Now I'm Really Mad at Ethanol Subsidies

OK, I was mad at the waste of tax dollars for ethanol programs that do nothing for the environment or to reduce net fossil fuel consumption.  I was mad that a technology that in no way reduces CO2 production but does introduce radical new land-use-related environmental problems could be sold as an environmental panacea, rather than the corporate welfare it truly is.  I was mad we have decided it is more important to subsidize corn farmers than to continue to provide the world's poor with cheap food.  And I was flabbergasted that Congress could call for production of more corn-based ethanol than is physically possible with our entire corn crop.

But I really am mad now that ethanol subsidies are making craft beers rarer and more expensive to make:

A global shortage of hops, combined with a run-up in barley prices, is
sending a chill through Arizona's craft-beer industry.

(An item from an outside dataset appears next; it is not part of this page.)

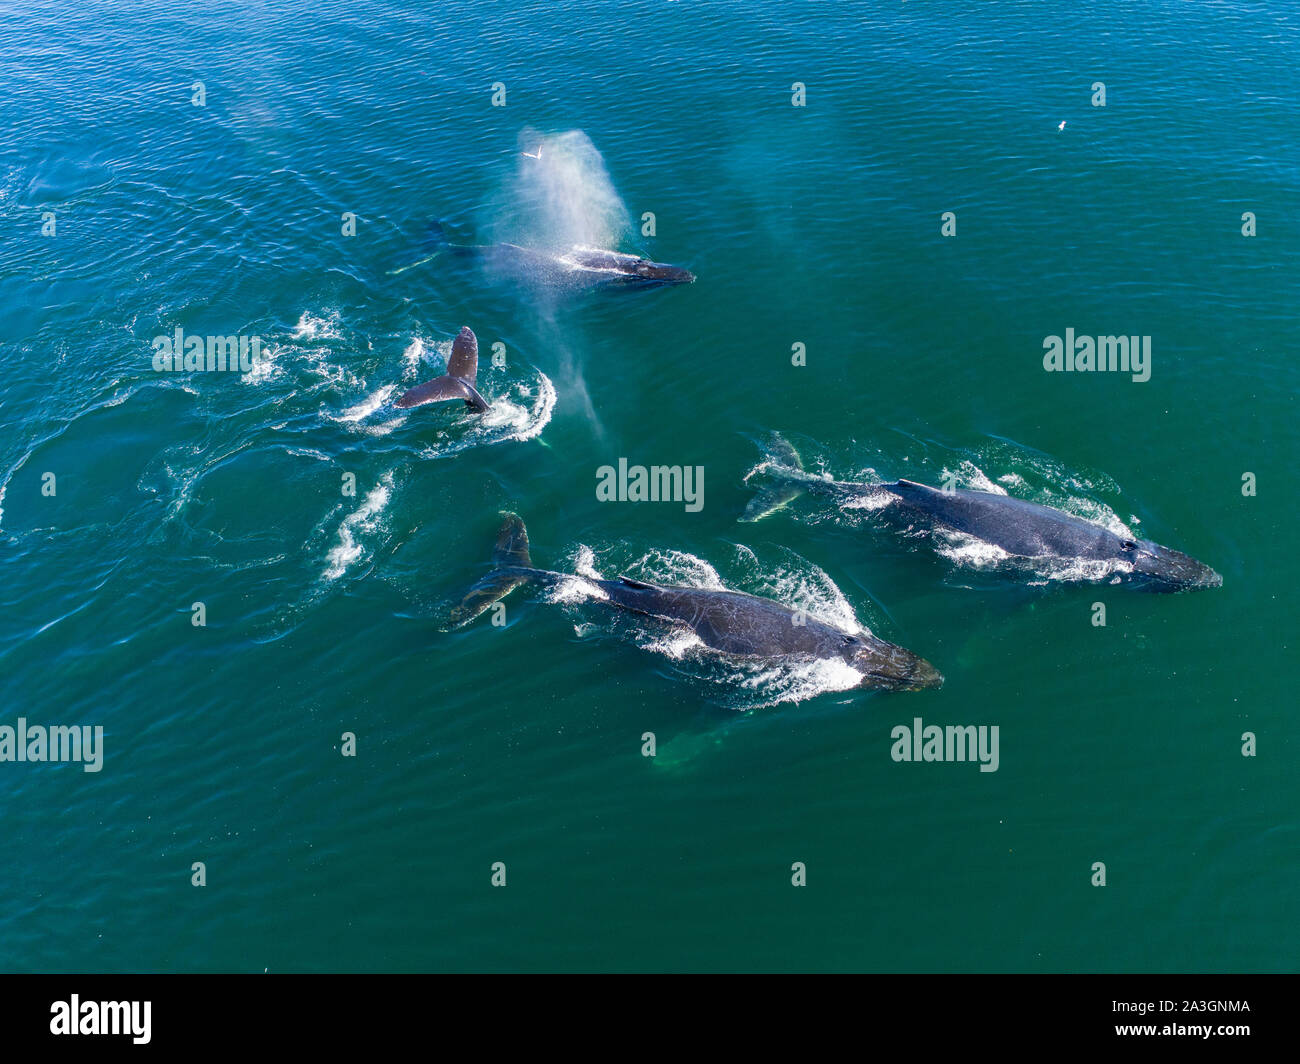 USA, Alaska, Aerial view of Humpback Whales (Megaptera novaeangliae) swimming at surface of Frederick Sound while bubble net feeding on herring shoal Stock Photo

The hops shortage threatens to boost prices, cut into profits and close
down brewpubs. It could change the taste and consistency of treasured
local ales.

In Bisbee, "hop heads" already are weaning themselves from Electric
Dave's India Pale Ale. Dave Harvan closed his 7-year-old Electric
Brewing Co. in November, citing the scarcity and high cost of
ingredients.

So why aren't as many farmers growing hops and barley?  Because the government is paying them ridiculous jack to grow corn so we can burn food into our cars:

Papazian attributed the barley prices to ethanol subsidies that have
raised the price of corn, the main ingredient in the alternative fuel.
As a result, farmers have switched to barley for livestock feed, which
has pushed up prices.

The hops situation is more complex. Years of overproduction and low
prices led farmers to replace hops fields with more profitable crops.
Add to that corn subsidies that have caused farmers to replace hops
fields with corn, a drought in Australia that affected yields and heavy
rains in Europe that ruined much of this year's crop.

Mandating the Impossible (Not to Mention the Stupid)

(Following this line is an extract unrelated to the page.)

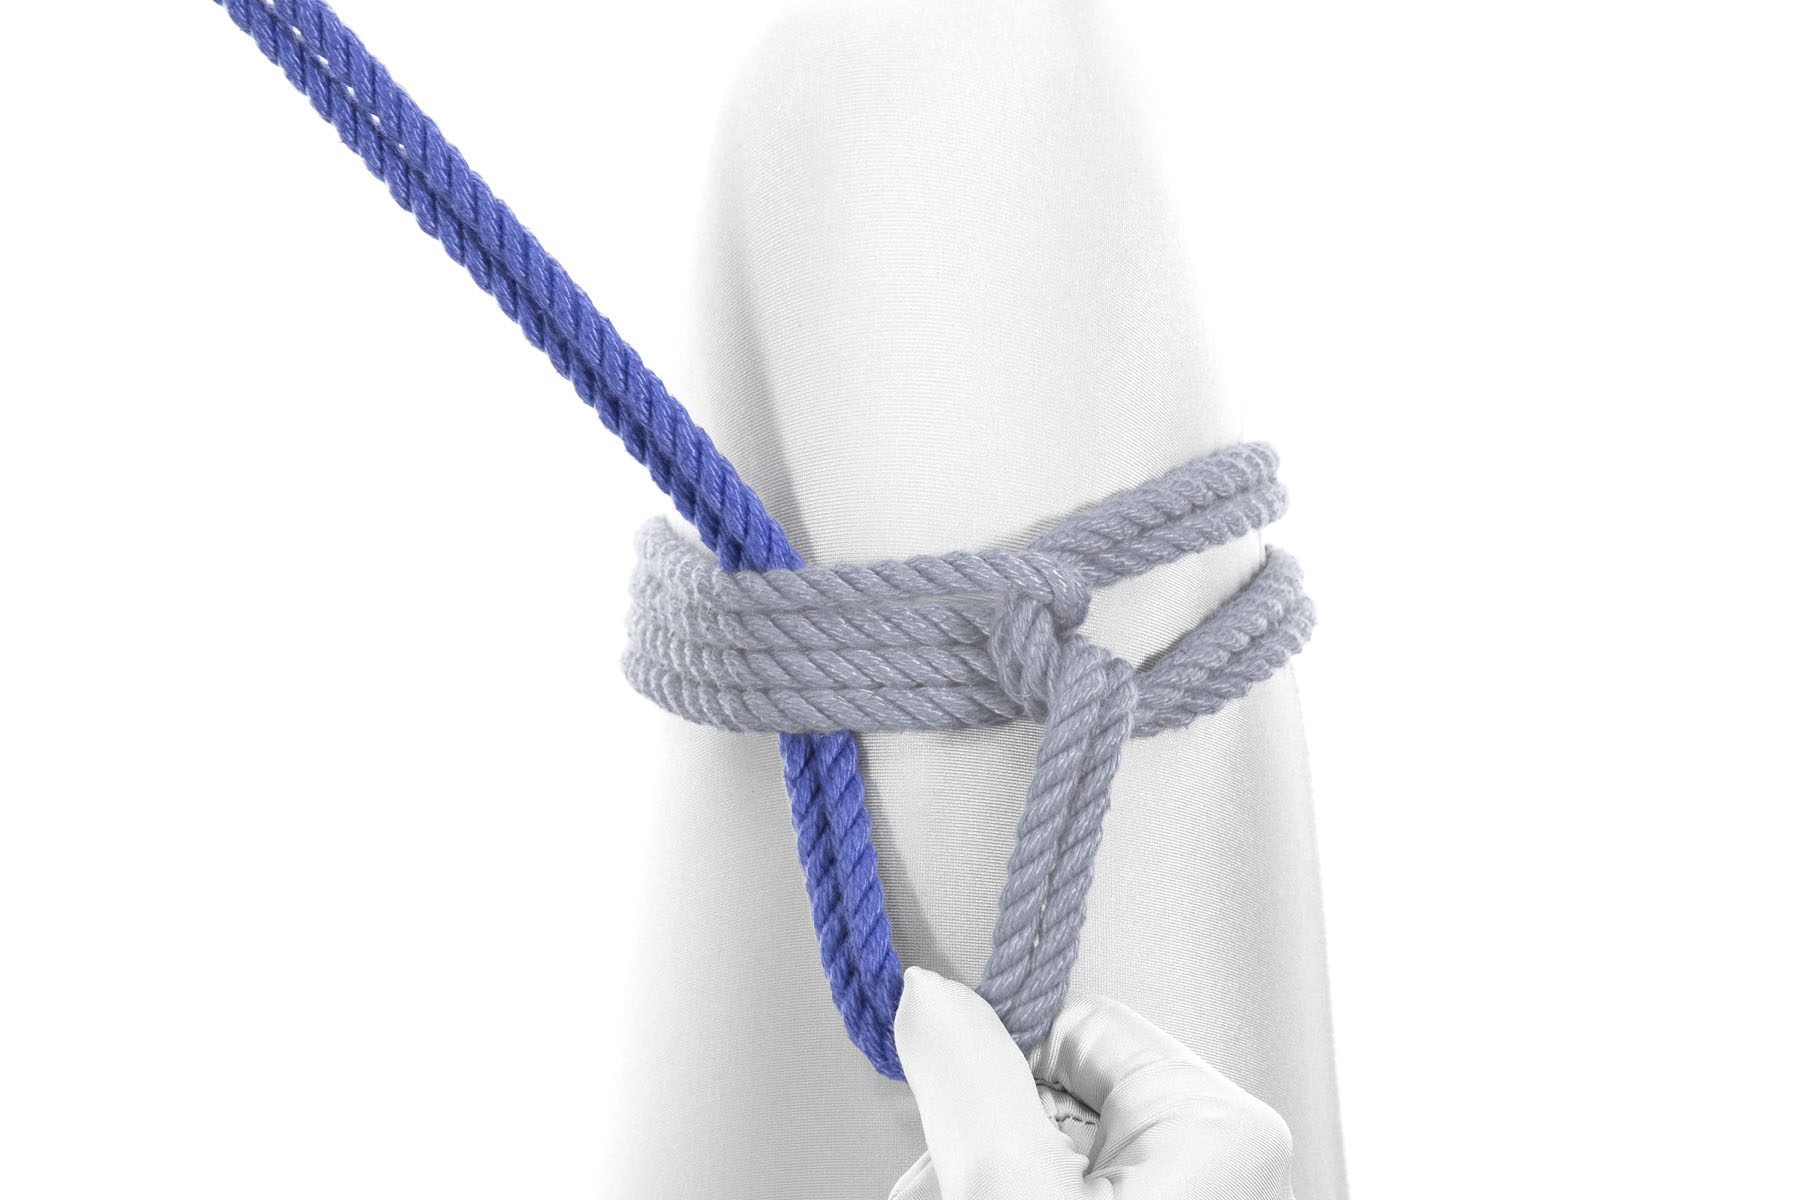 Continuing to pinch the rope with their right hand, the rigger has passed the working end under all four wraps. The rope continues to make a triangle pointing toward the body.

Here is a snippet from the energy bill that just passed the House:

On Thursday, just over a year after winning the majority, Democrats in
the House of Representatives voted through an energy bill that
represents a stark departure from the administration's approach. It
would raise vehicle fuel efficiency (Cafe) standards for the first time
in over 30 years, by 40%, to 35 miles per gallon for both cars and
light trucks and SUVs. A renewable energy standard mandates that
utilities generate 15% of their power from renewables by 2020. It would
set a renewable fuel standard aiming to generate 36 billion gallons of
ethanol a year by 2022. A tax package would roll back some $13.5bn in
oil industry subsidies and tax breaks to help pay for $21bn worth of
investments in clean energy development, mainly in the form of
investment tax credits for wind and solar, along with the development
and purchase of plug-in hybrid vehicles. And it would raise efficiency
standards for appliances and buildings.

Let's look at a couple of pieces very quickly.  Recognize that this is based on 10 whole minutes of research, far more than a busy Congressman could possibly be expected to muster.

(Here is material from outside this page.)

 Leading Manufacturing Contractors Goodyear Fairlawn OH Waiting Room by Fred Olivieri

  1. They want 15% of power generation from renewables by 2020.  I am not sure if this includes hydro.  If it does, then a bunch of Pacific Northwest utilities already have this in the bag.  But even if "renewable" includes hydro, hydro power will do nothing to meet this goal by 2020.  I am not sure, given environmental concerns, if any major new hydro project will ever be permitted in the US again, and certainly not in a 10 year time frame.  In fact, speaking of permitting, there is absolutely no way utilities could finance, permit, and construct 15% of the US electricity capacity by 2020 even if they started today.  No.  Way.   By the way, as a sense of scale, after 35 years of subsidies and mandates, renewables (other than hydro) make up ... about .27% of US generation.
  2. The Congress is demanding 36 billion gallons of ethanol.  Presumably, this is all from domestic sources because Congress has refused to drop the enormous tariffs on ethanol imports.  But the entire corn harvest in 2004 of 11.8 billion bushels would make only 30 billion gallons of ethanol.  So Congress wants us to put ALL of our food supply into our cars?  Maybe we can tear down the Amazon rain forest to grow more.
  3. By the way, I am all for cutting all subsidies to any industry for any reason, but when they say "industry subsidies and tax breaks" for the oil industry, what they mostly mean is this:

These were leases for drilling rights in the Gulf of
Mexico signed between oil companies and the Clinton Administration's
Interior Department in 1998-99. At that time the world oil price had
fallen to as low as $10 a barrel and the contracts were signed without
a requirement of royalty payments if the price of oil rose above $35 a
barrel.

Interior's Inspector General investigated and found
that this standard royalty clause was omitted not because of any
conspiracy by big oil, but rather because of bureaucratic bungling in
the Clinton Administration. The same report found that a year after
these contracts were signed Chevron and other oil companies alerted
Interior to the absence of royalty fees, and that Interior replied that
the contracts should go forward nonetheless.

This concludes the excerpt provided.